→ The data
━━━━━━━━━━━━━━━━
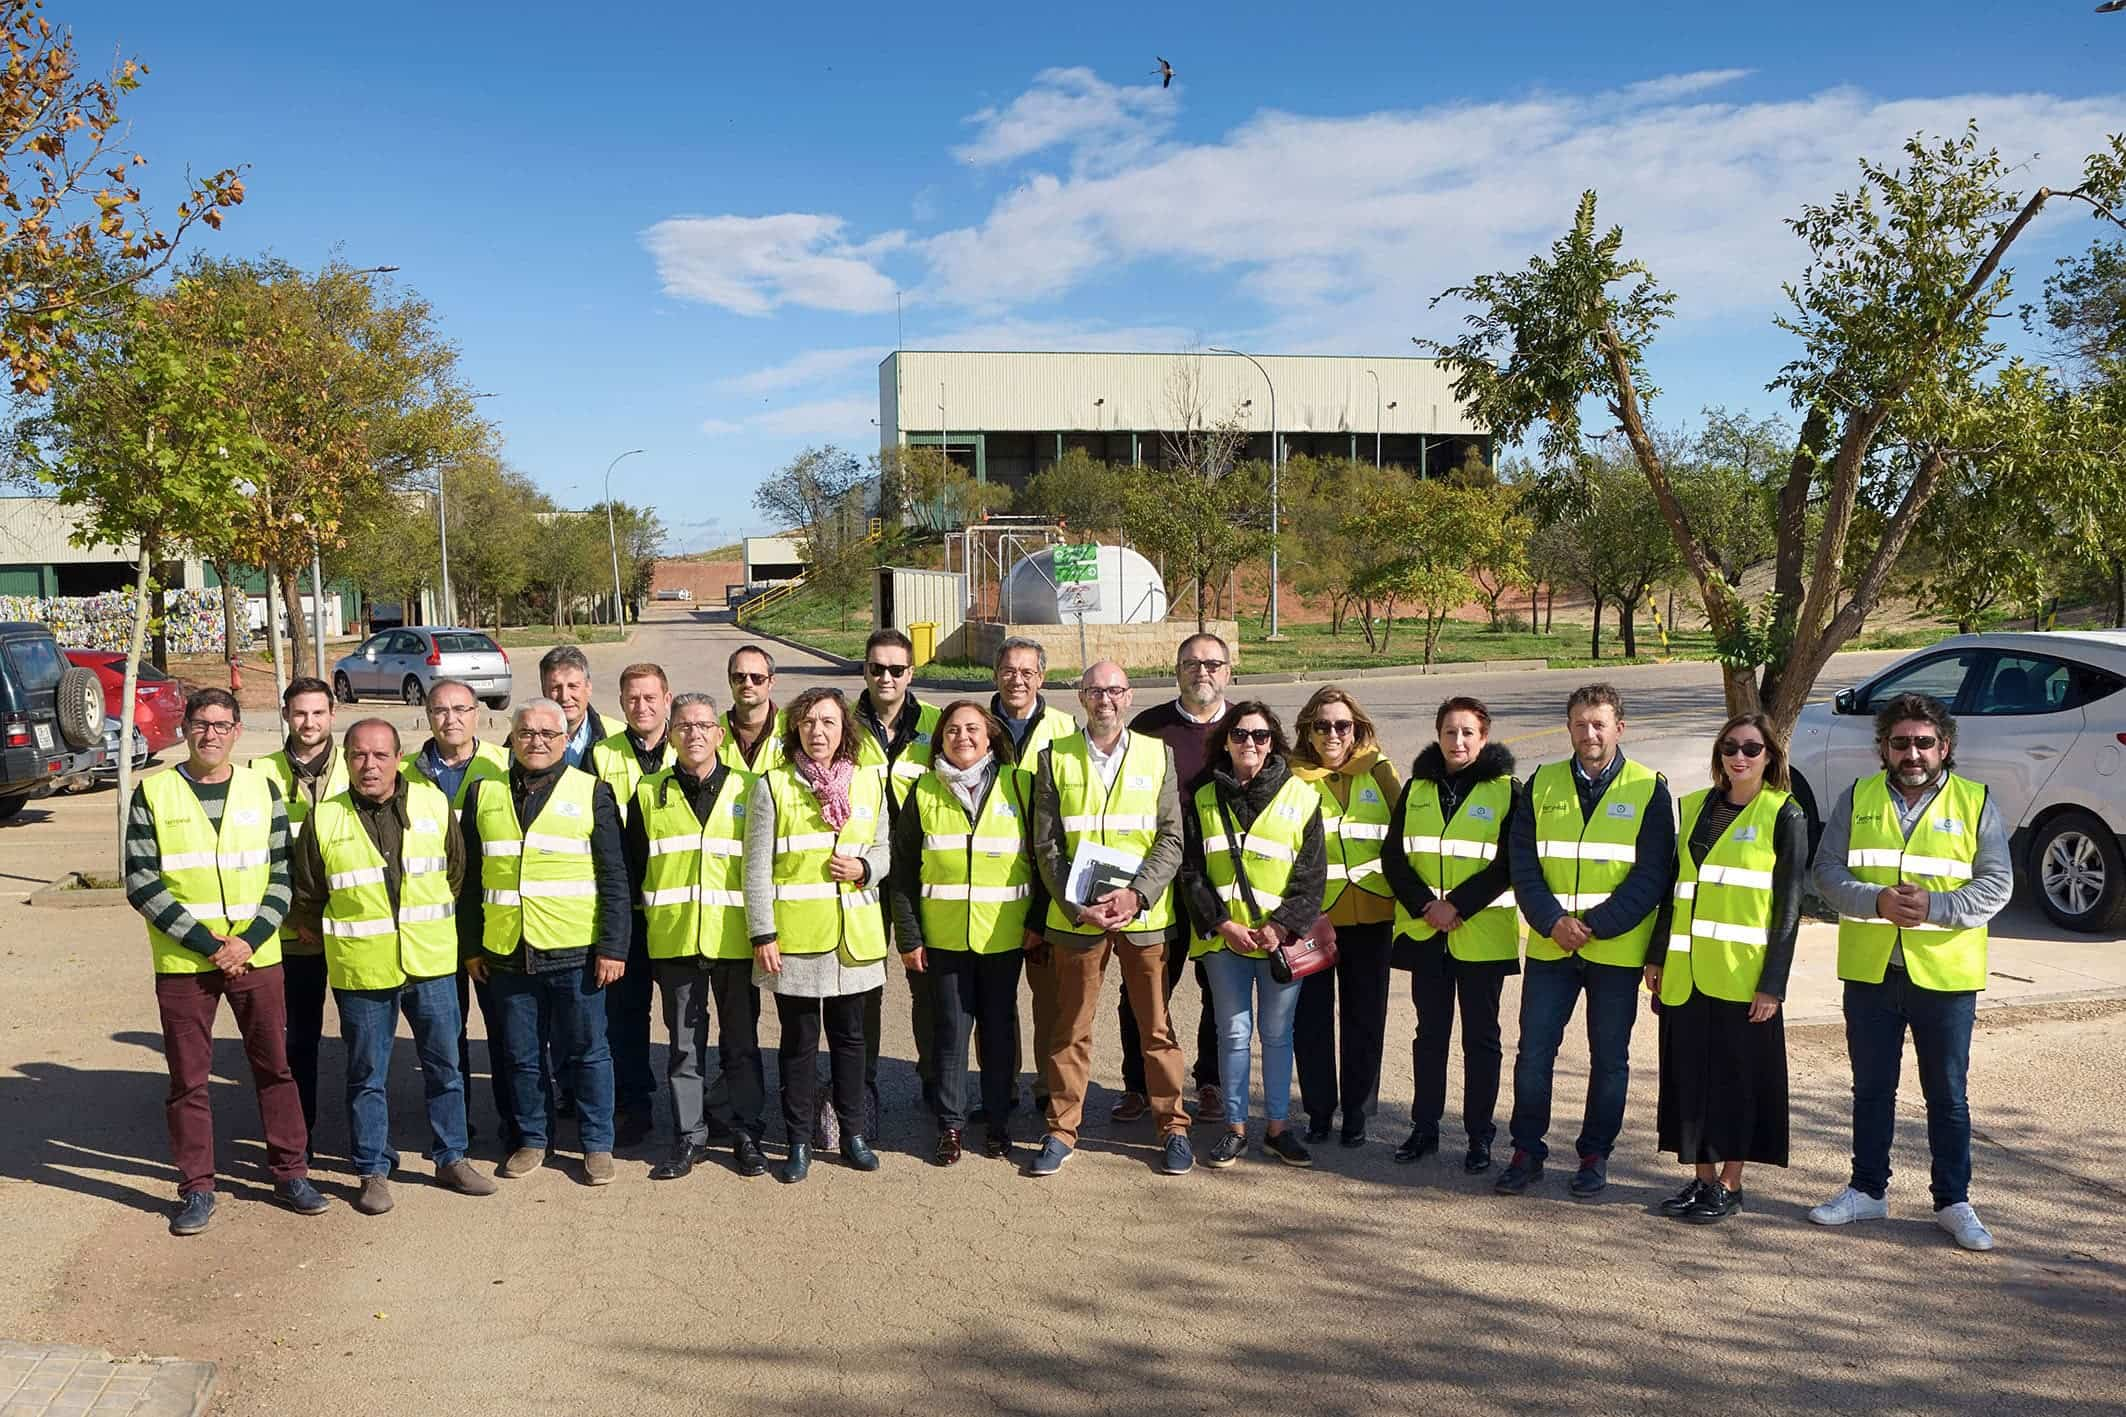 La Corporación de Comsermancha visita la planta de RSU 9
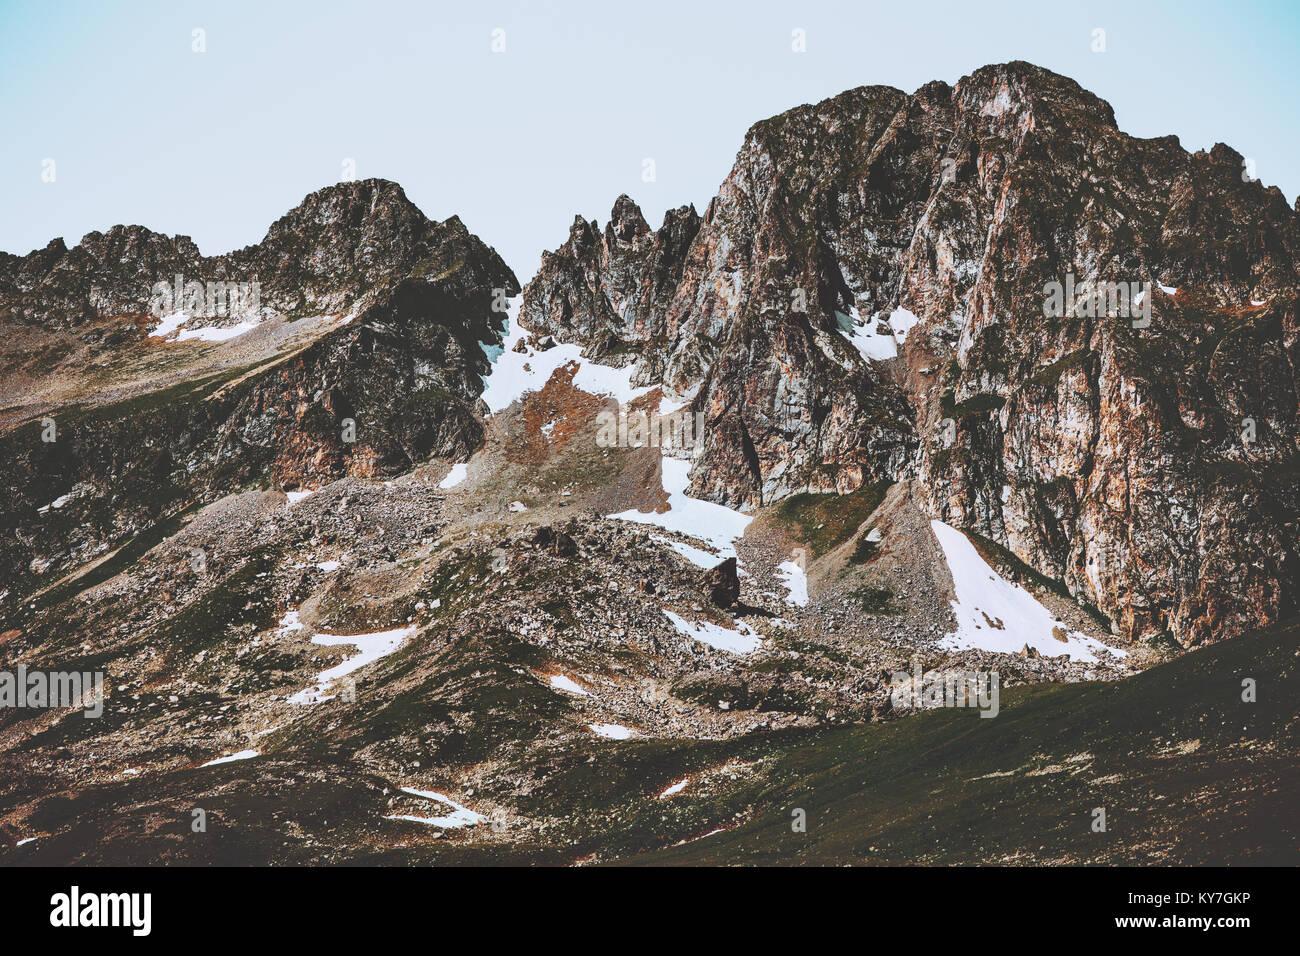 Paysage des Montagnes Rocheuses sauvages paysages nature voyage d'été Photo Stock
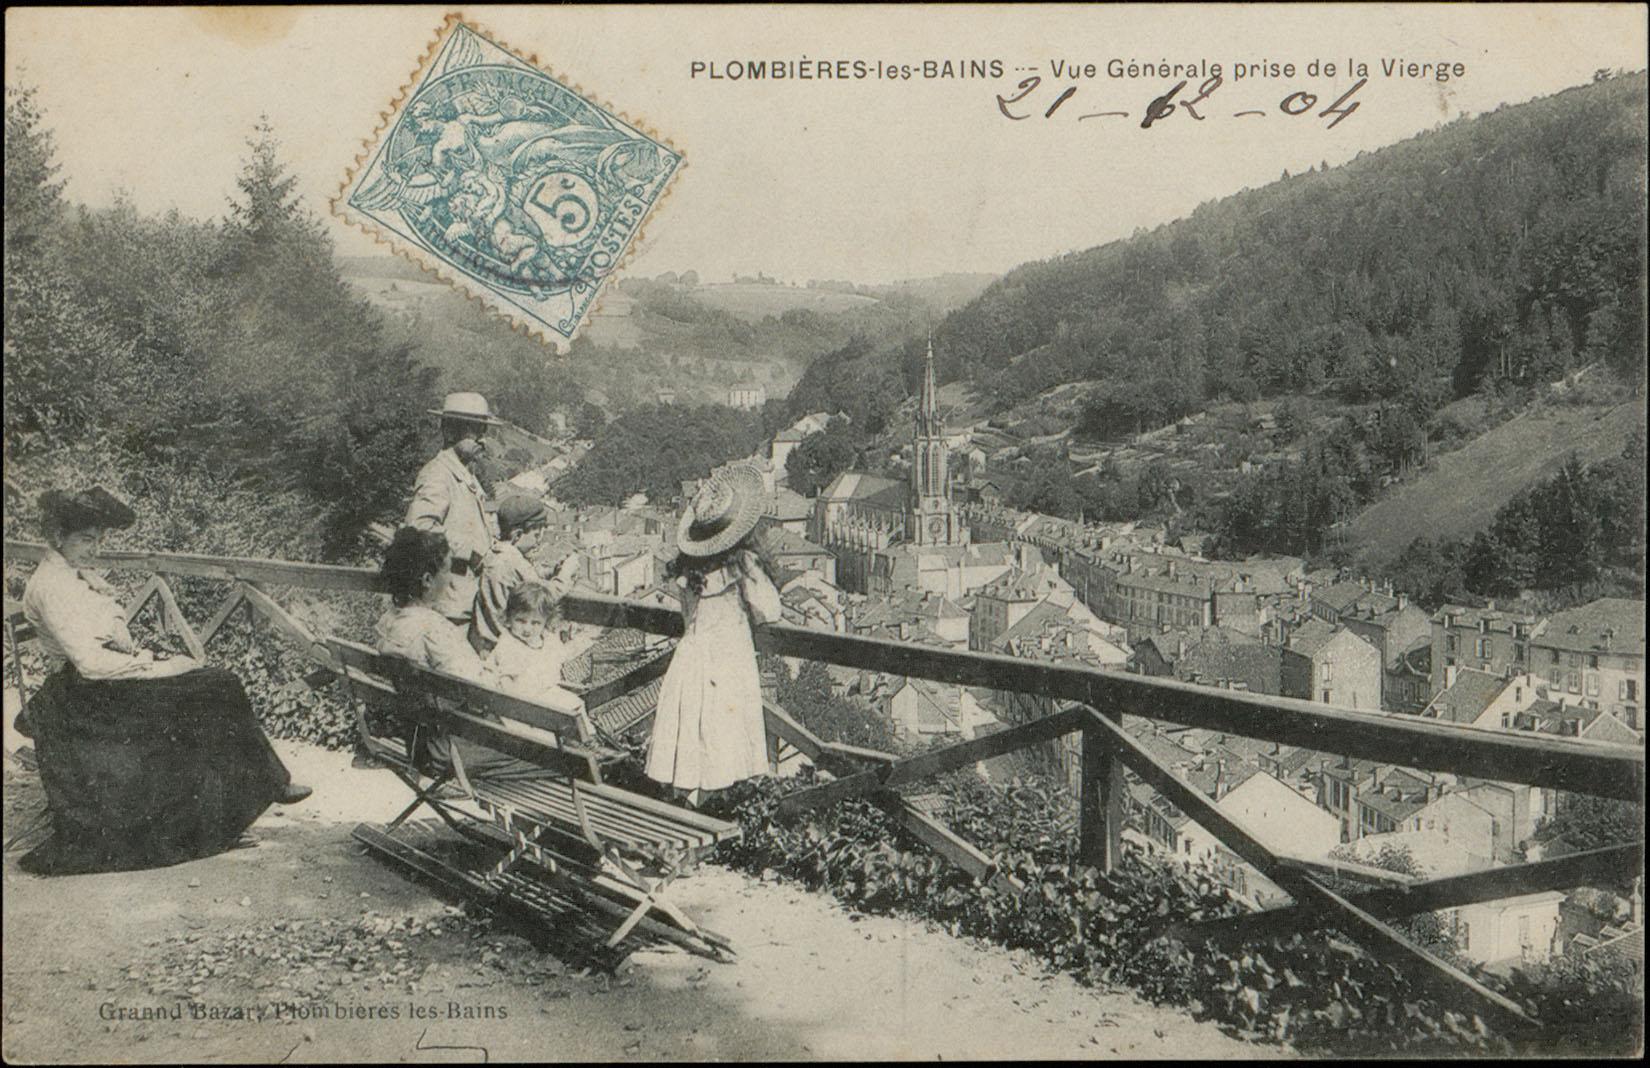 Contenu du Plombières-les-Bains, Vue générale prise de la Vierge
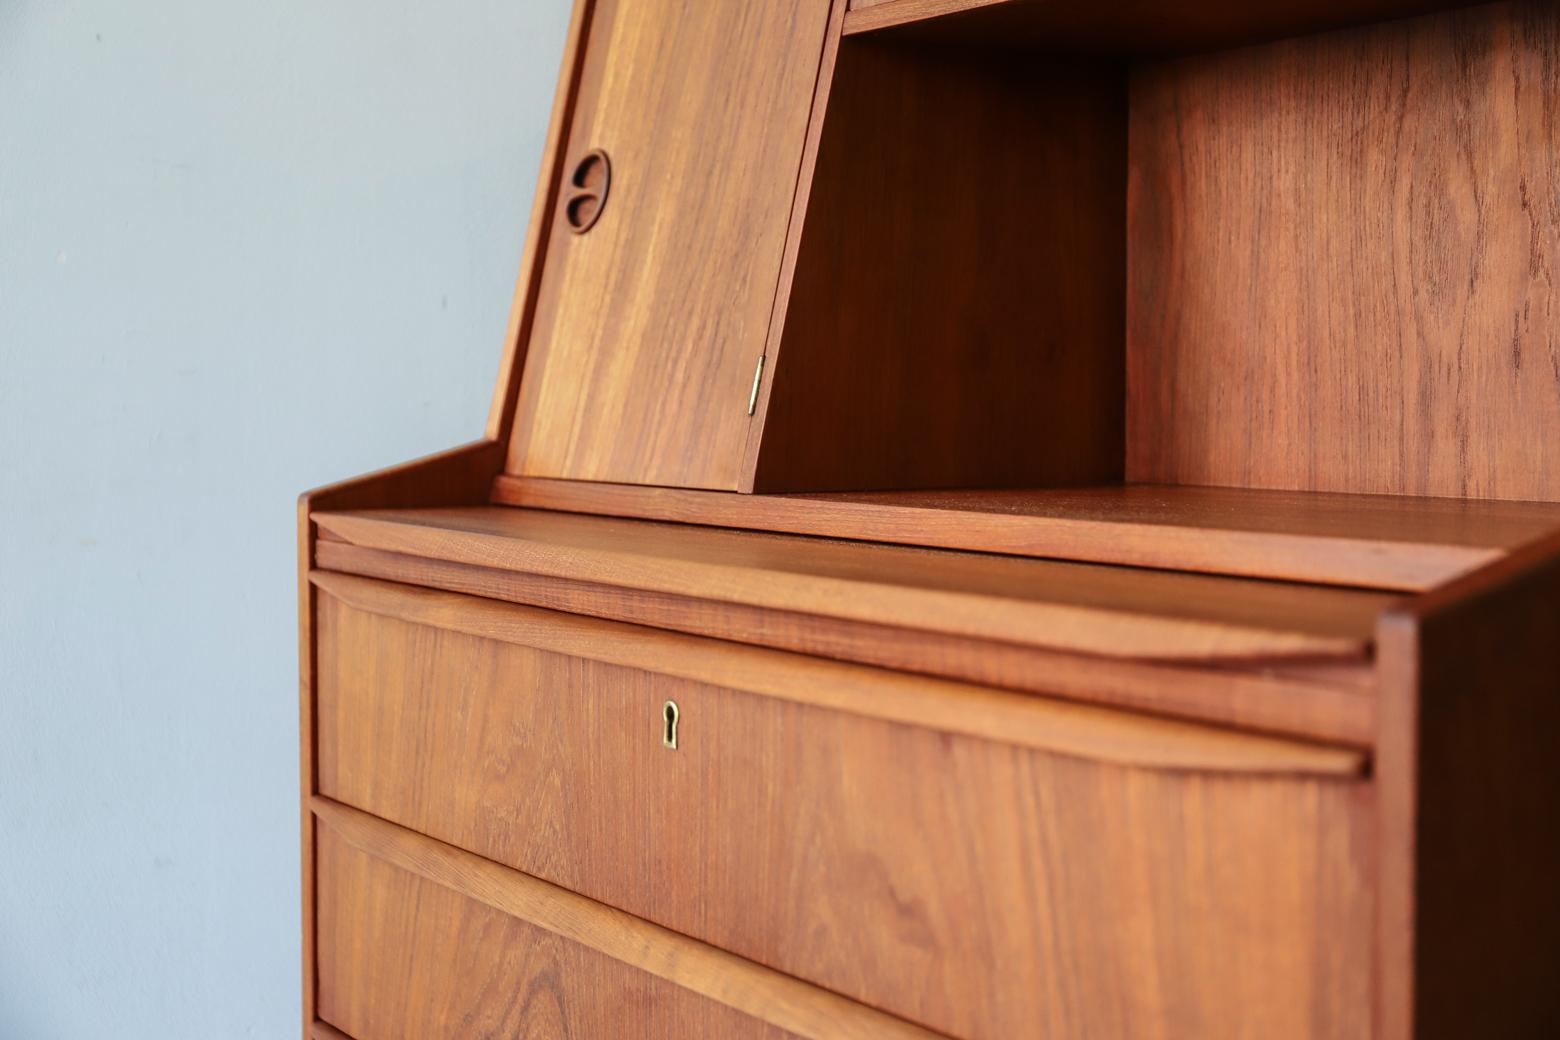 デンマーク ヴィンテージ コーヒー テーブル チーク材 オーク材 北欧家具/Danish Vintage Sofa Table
━━━━━━━━━━━━━━━━
→ Your assignment
All of the lines above must be repeated without alteration, though the pictures are to be excluded.

→ Response for this exercise
 La Corporación de Comsermancha visita la planta de RSU 9
 Paysage des Montagnes Rocheuses sauvages paysages nature voyage d'été Photo Stock
 Contenu du Plombières-les-Bains, Vue générale prise de la Vierge
 デンマーク ヴィンテージ コーヒー テーブル チーク材 オーク材 北欧家具/Danish Vintage Sofa Table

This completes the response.